Why This Decision Matters So Much

Multi-tenancy architecture is one of those decisions that's easy to make and incredibly expensive to change. We've helped three companies migrate between multi-tenancy models, and each migration was a 3-5 month project involving data migration, query rewriting, and extensive testing. Get it right the first time if you can.

We've implemented all three approaches in production: row-level isolation (shared schema, shared database), schema-level isolation (separate schemas, shared database), and database-level isolation (separate databases per tenant). Here's what we've learned from operating each.

Row-Level Isolation: Our Default Recommendation

Every table has a tenant_id column. Every query includes a WHERE tenant_id = ? clause (or, better, PostgreSQL RLS policies enforce this automatically). All tenants share the same tables, same indexes, same connection pool.

Advantages: simplest to implement and operate, most cost-efficient (one database handles thousands of tenants), schema changes apply to all tenants simultaneously, and aggregate queries across tenants are straightforward (useful for admin dashboards and analytics). We use this for our SaaS products and most client projects.

The risk: a missing WHERE clause in one query could expose one tenant's data to another. This is why we strongly recommend PostgreSQL RLS — the database enforces isolation regardless of application code bugs. We set the current tenant at the connection level (SET app.current_tenant = '...') and RLS policies reference this variable. Even if a developer writes SELECT * FROM orders without a WHERE clause, RLS ensures only the current tenant's orders are returned.

Performance consideration: at scale, the tenant_id column needs to be part of every composite index.
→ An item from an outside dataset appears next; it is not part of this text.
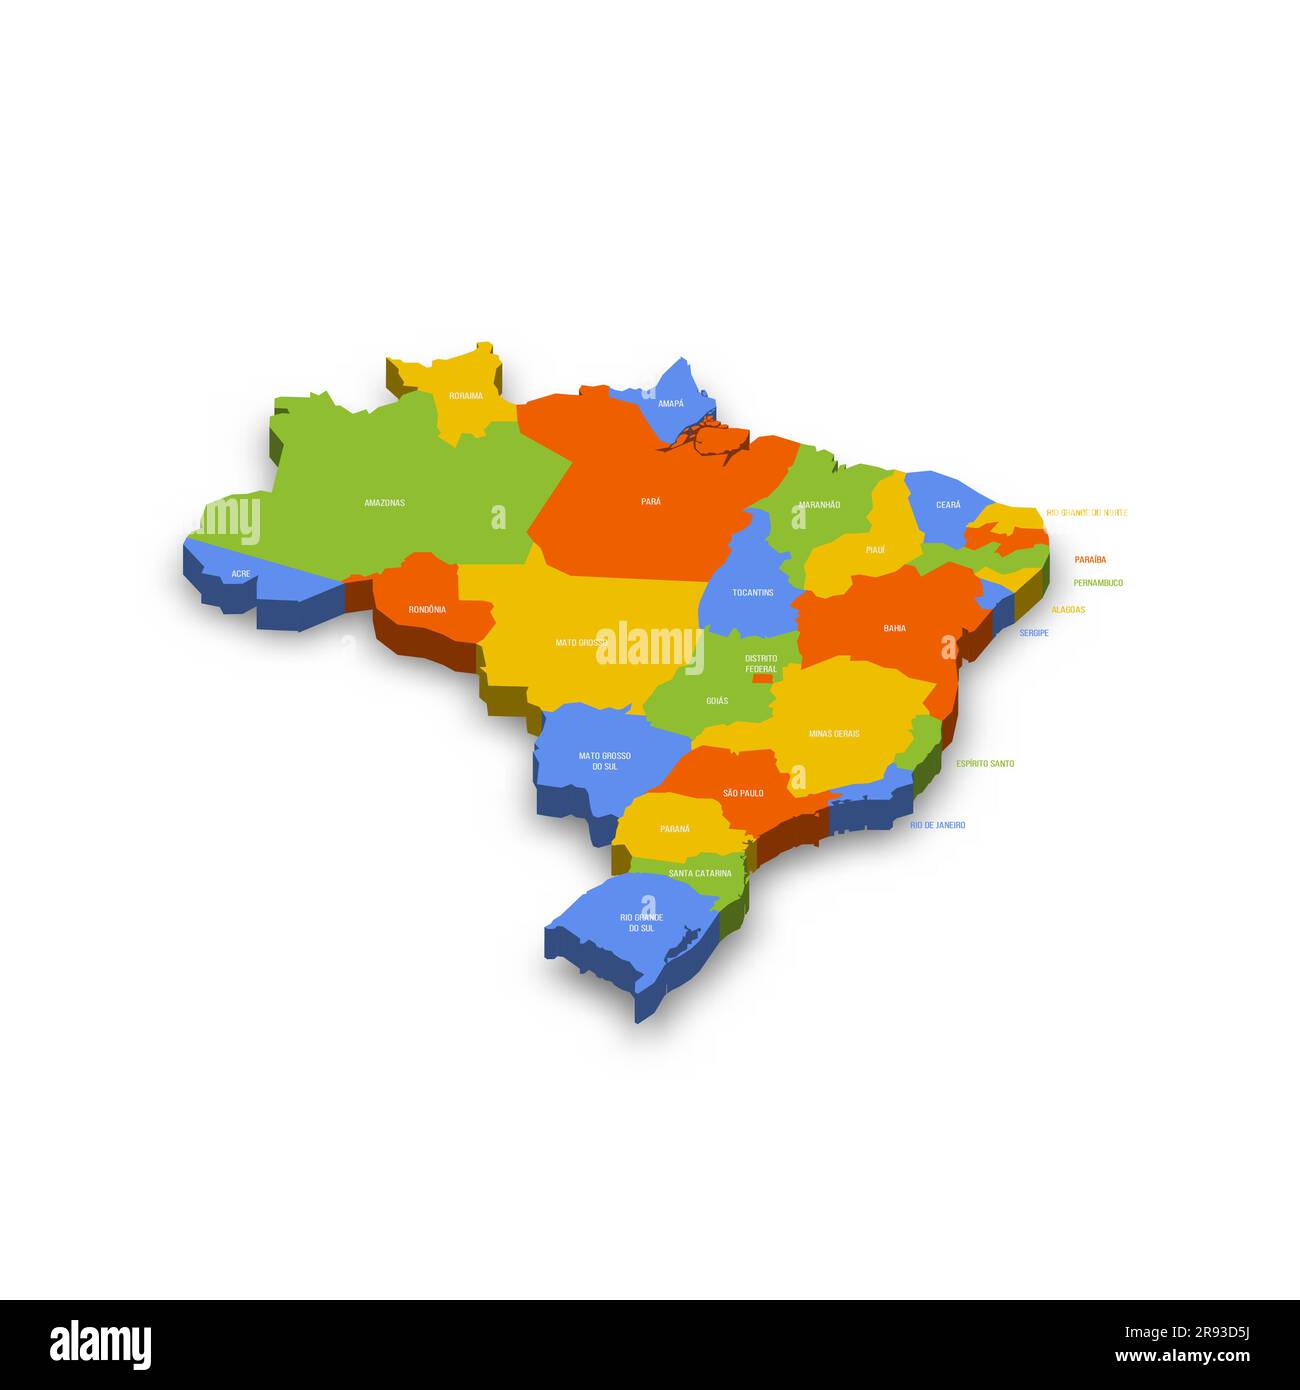 Politische Karte Brasiliens der Verwaltungsabteilungen - Föderative Einheiten Brasiliens. Farbenfrohe 3D-Vektorkarte mit Ländernamen und Schatten. Stock Vektor
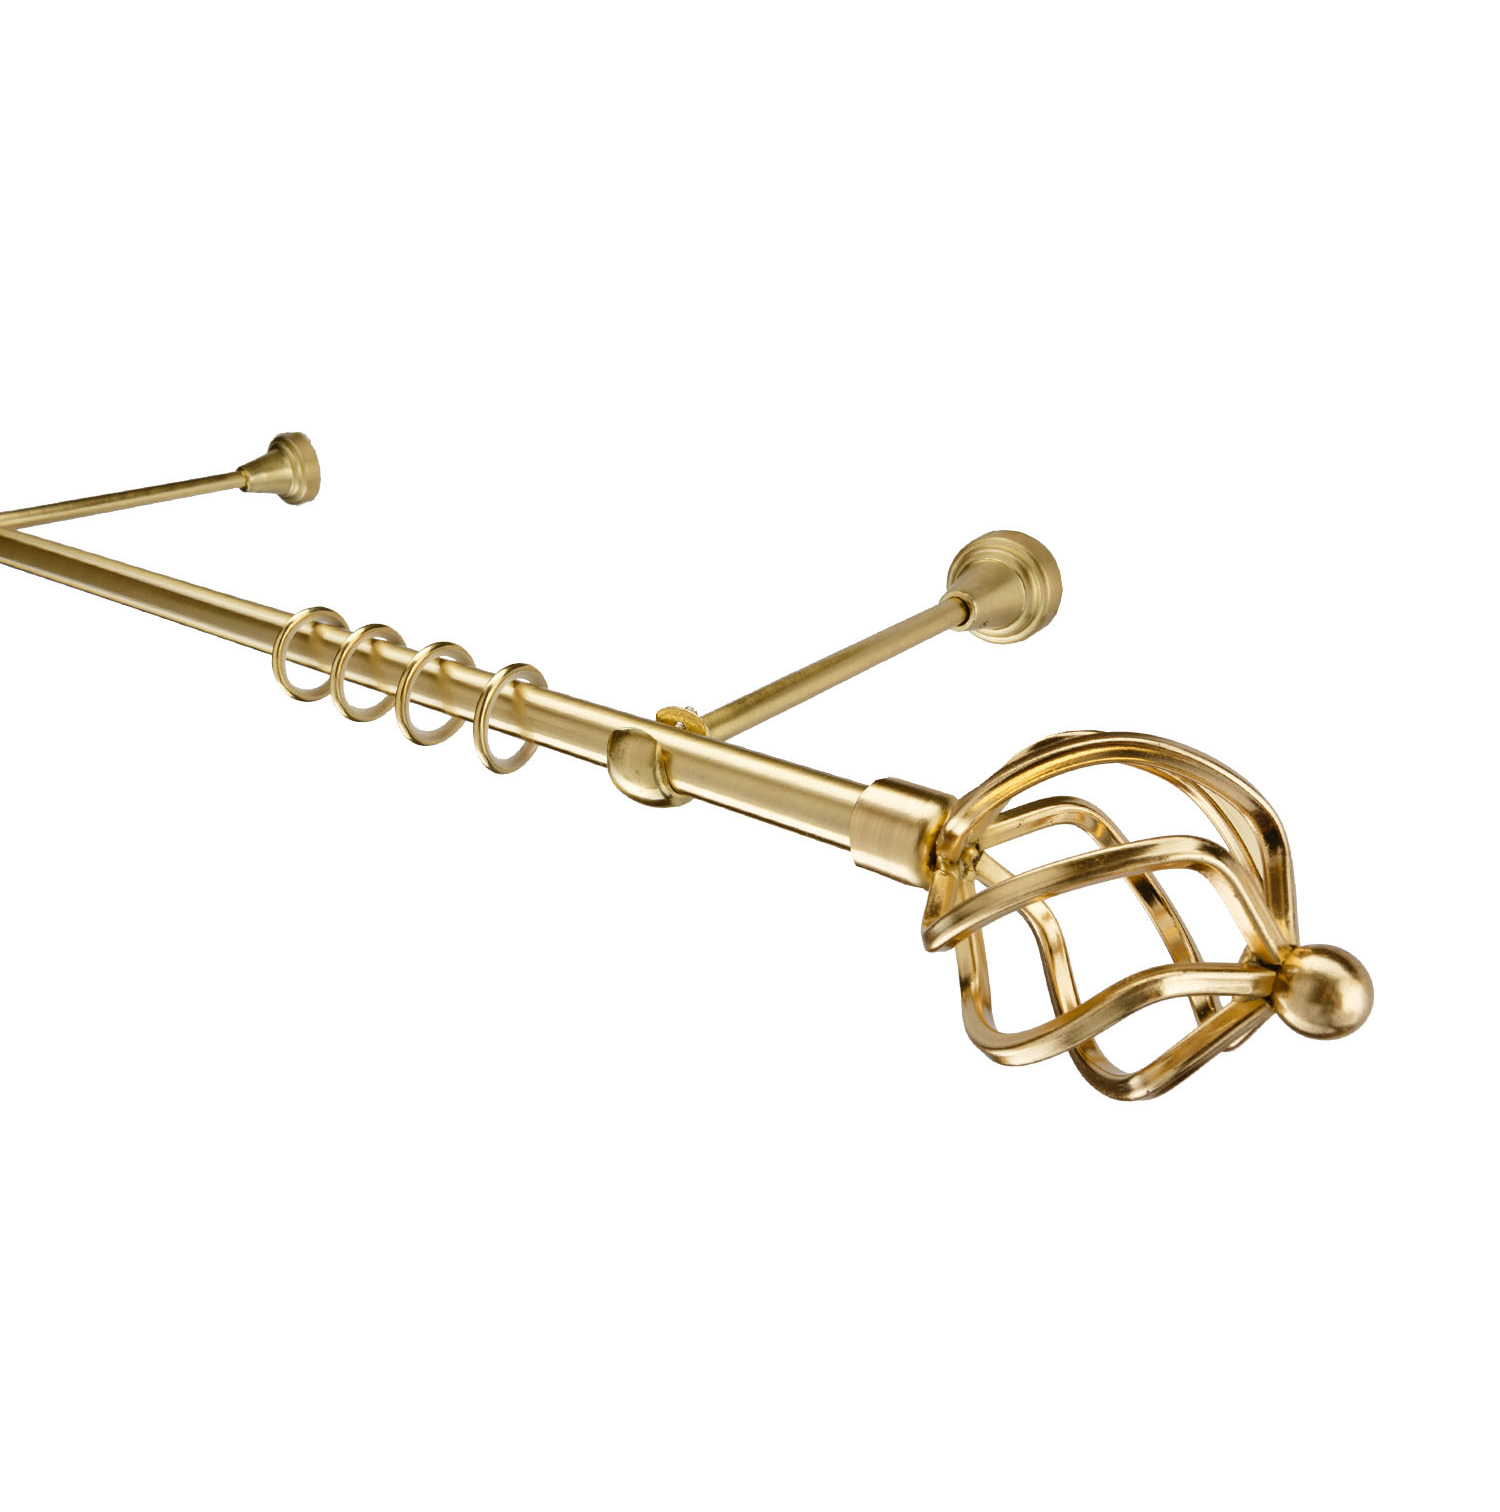 Металлический карниз для штор Солярис, однорядный 16 мм, золото, гладкая штанга, длина 160 см

We've seen significant query performance degradation at 500K+ rows per table when tenant_id wasn't included in relevant indexes. Always create indexes as (tenant_id, other_columns) not just (other_columns).

Schema-Level Isolation: The Middle Ground

Each tenant gets their own PostgreSQL schema within a shared database. So tenant_abc has their own orders table in the tenant_abc schema, completely separate from tenant_xyz's orders table in the tenant_xyz schema. We set the search_path at connection time to route queries to the correct schema.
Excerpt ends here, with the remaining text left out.